New Summit Investments is raising a new $100 million impact fund, according to documents filed with the SEC. The hefty new fund, should it be raised, will let it continue investing in managers backing startups and other companies focused on environmental and social problems.

This is the firm’s fifth fund and marks a sizable jump from the $40 million of its previous fund, which closed back in 2022. New Summit invests in various other funds, including venture capital, real estate investors and infrastructure investors. It currently has $115 million in assets under management, according to PitchBook.

New Summit declined to comment on the new fund’s strategy or timing, citing security regulations. “We launched one of the first multi-manager strategies for private market impact investing in 2016 and are pleased to be continuing this work,” Casey Dilloway, the firm’s managing director, told TechCrunch.

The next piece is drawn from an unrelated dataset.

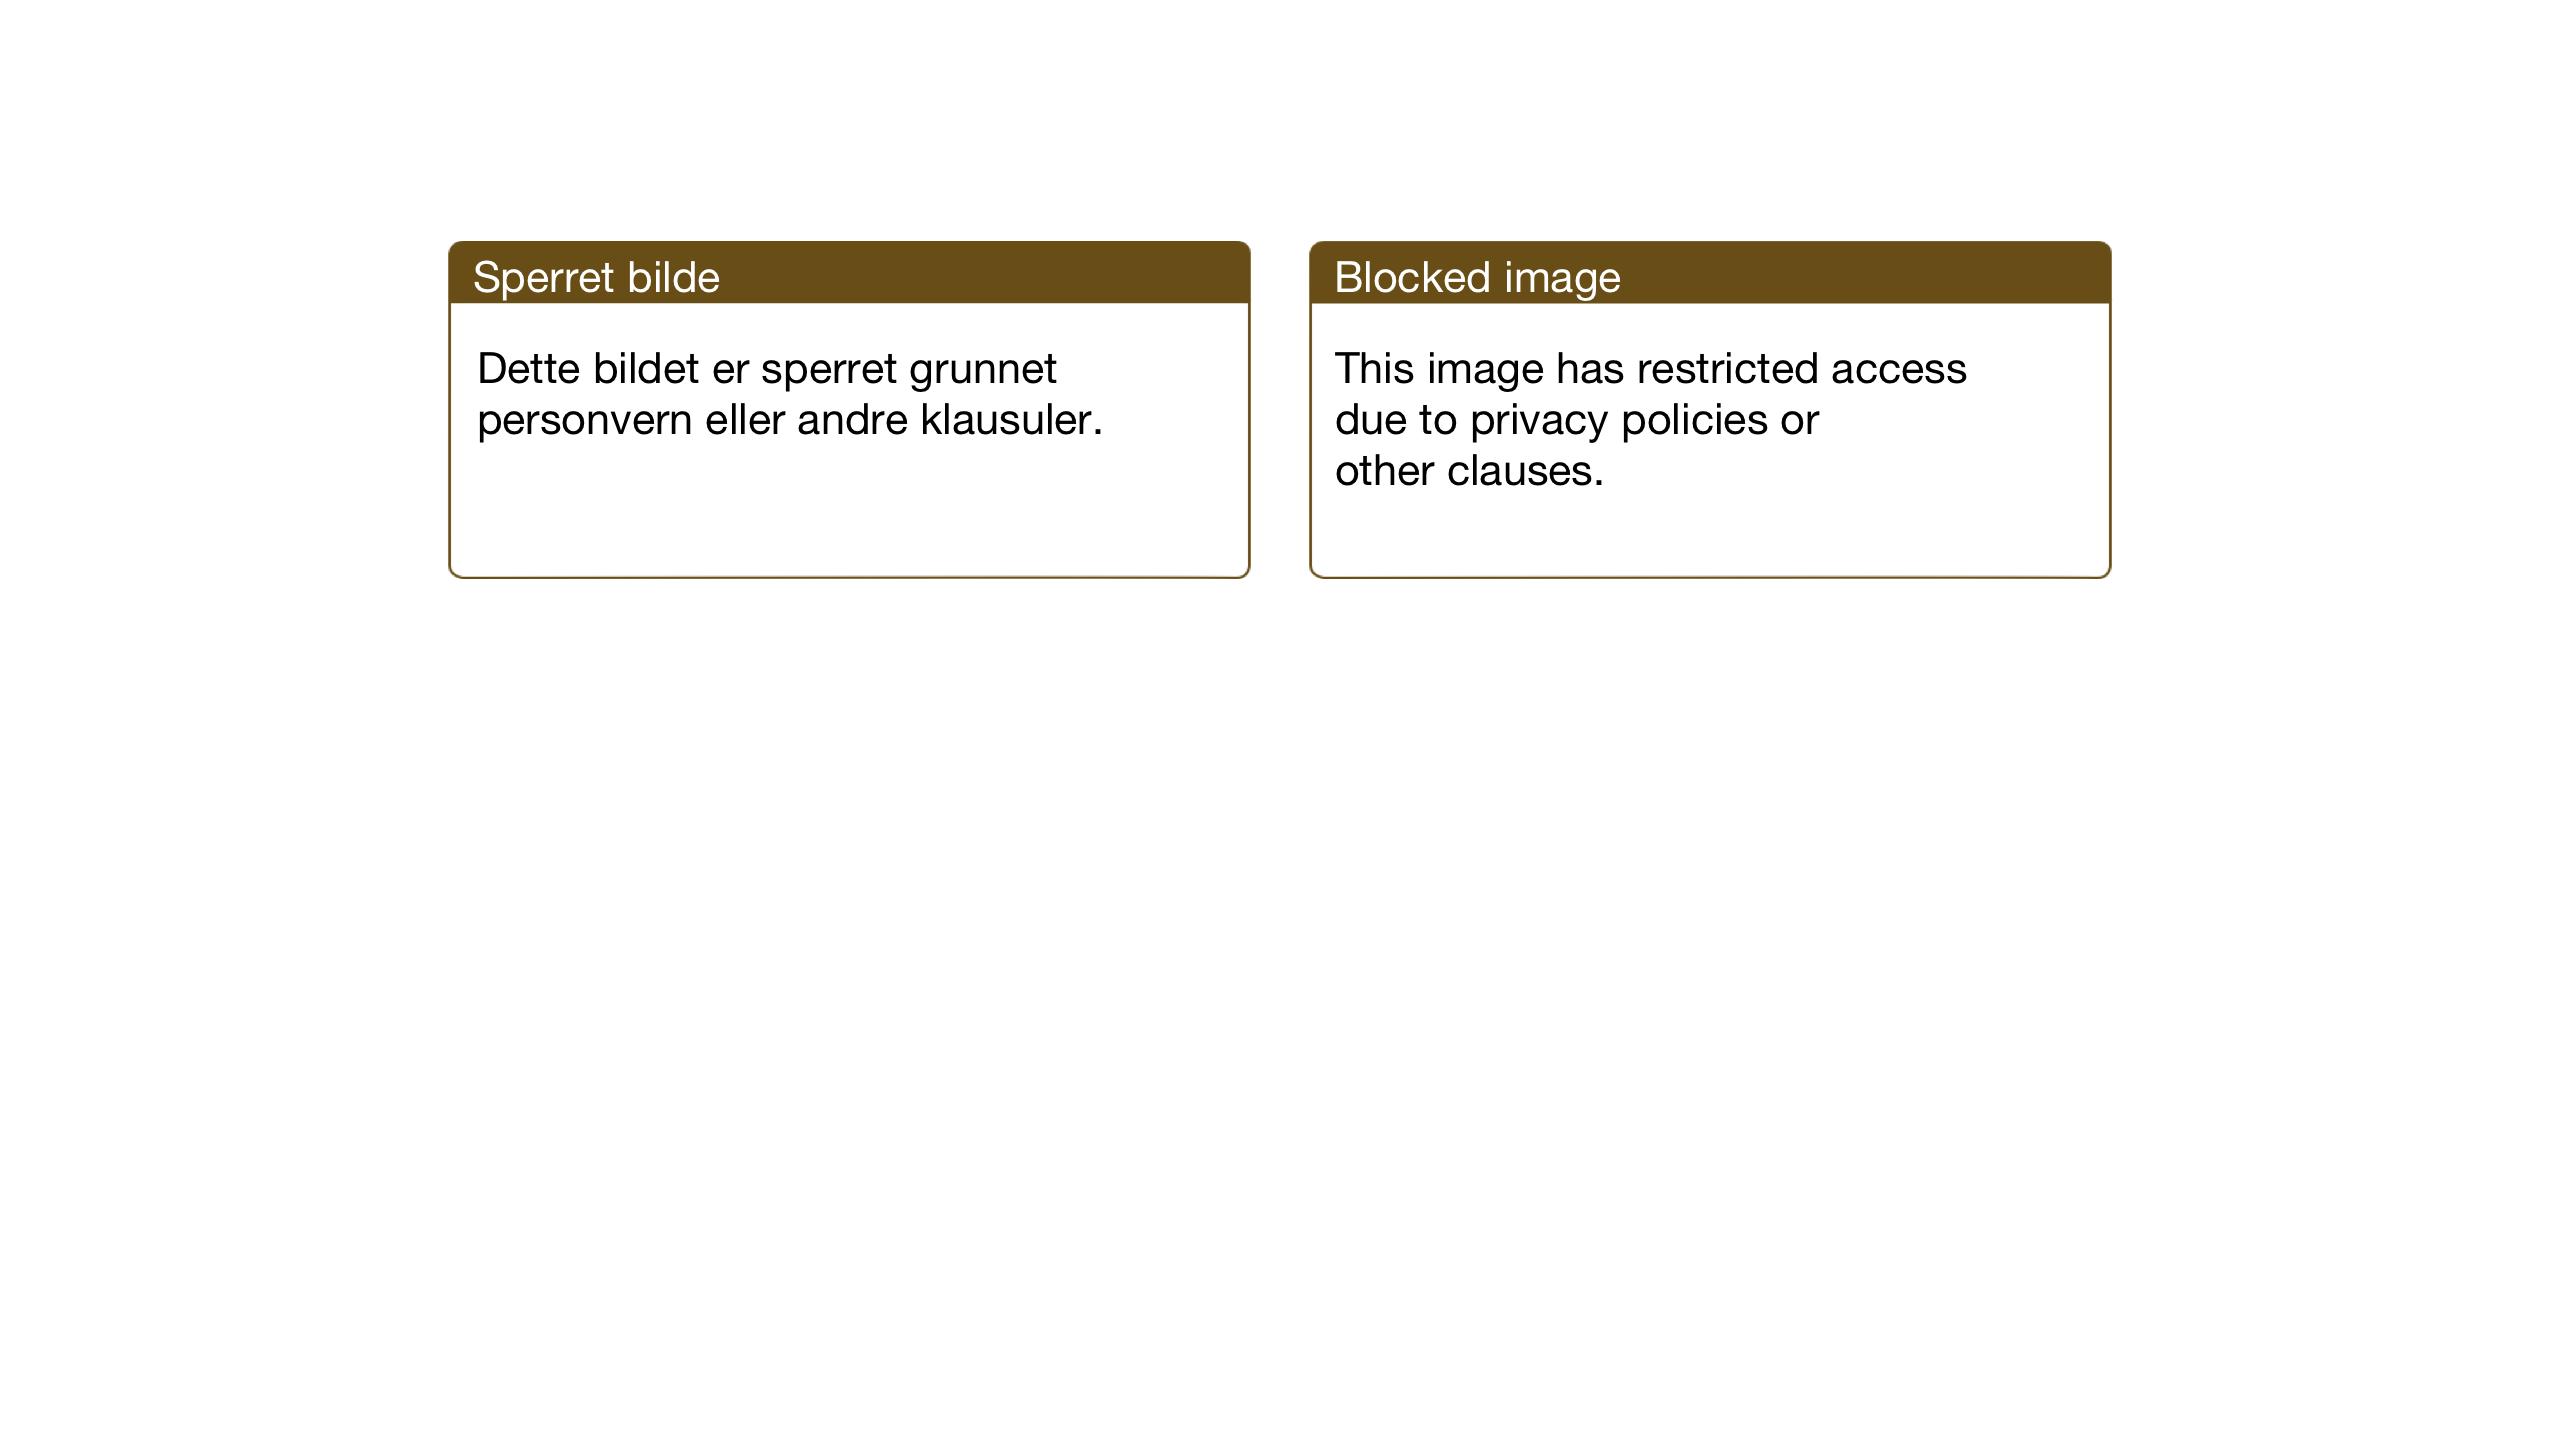 SAT, Ministerialprotokoller, klokkerbøker og fødselsregistre - Sør-Trøndelag, 603/L0174: Klokkerbok nr. 603C02, 1923-1951, s. 69

The size of the new fund suggests that it is bullish that it can convince LPs to open their wallets based not only on the firm’s investment history but also on its impact-focused approach. The fund-of-funds approach helps smaller investors place bets by finding the best-performing firms that also hew to their environmental and social requirements.

The SEC form indicates that New Summit is early in its fundraising process, and hasn’t secured any capital commitments yet. So, this is an interesting test case on if investors still have an appetite for ESG. The minimum investment is $250,000, the form says, indicating that the firm intends to approach investors of various sizes and risk appetites.

One thing going for this fundraise is New Summit’s interest in climate tech, which has bucked trends in venture capital, with deal counts remaining high throughout 2023, according to PitchBook. Last year, total investment hit $41.1 billion. While that’s off a peak of $51 billion in 2021, VCs say that climate remains one of two hot sectors where deals close fast. AI is, of course, the other.

Although the explicit focus on diversity, equity, and inclusion might be under fire from commentators, there is still a pressing need to provide opportunities to underrepresented founders, who tend to take more inclusive approaches to technology and business. New Summit has supported marginalized fund managers by launching initiatives like its partnership with investment firm Gratitude Railroad to source and underwrite underrepresented fund managers.

New Summit has also invested in several diverse fund managers who specialize in climate and health, including Black Opal Ventures and Buoyant Ventures, in addition to a range of other climate tech VCs, including ArcTern, Al Gore’s Generation Investment Management and Obvious Ventures.

New Summit Investments’ was founded in 2016 as an impact investment firm focusing on climate, health and economic opportunities. Its thesis adheres to the UN’s 17 Sustainable Development Goals, a framework to help create a more equitable planet by addressing issues such as access to clean water, quality education and poverty reduction.

New Summit Investments’ first fund closed for $20 million in 2016, followed by $36 million in 2018, according to PitchBook.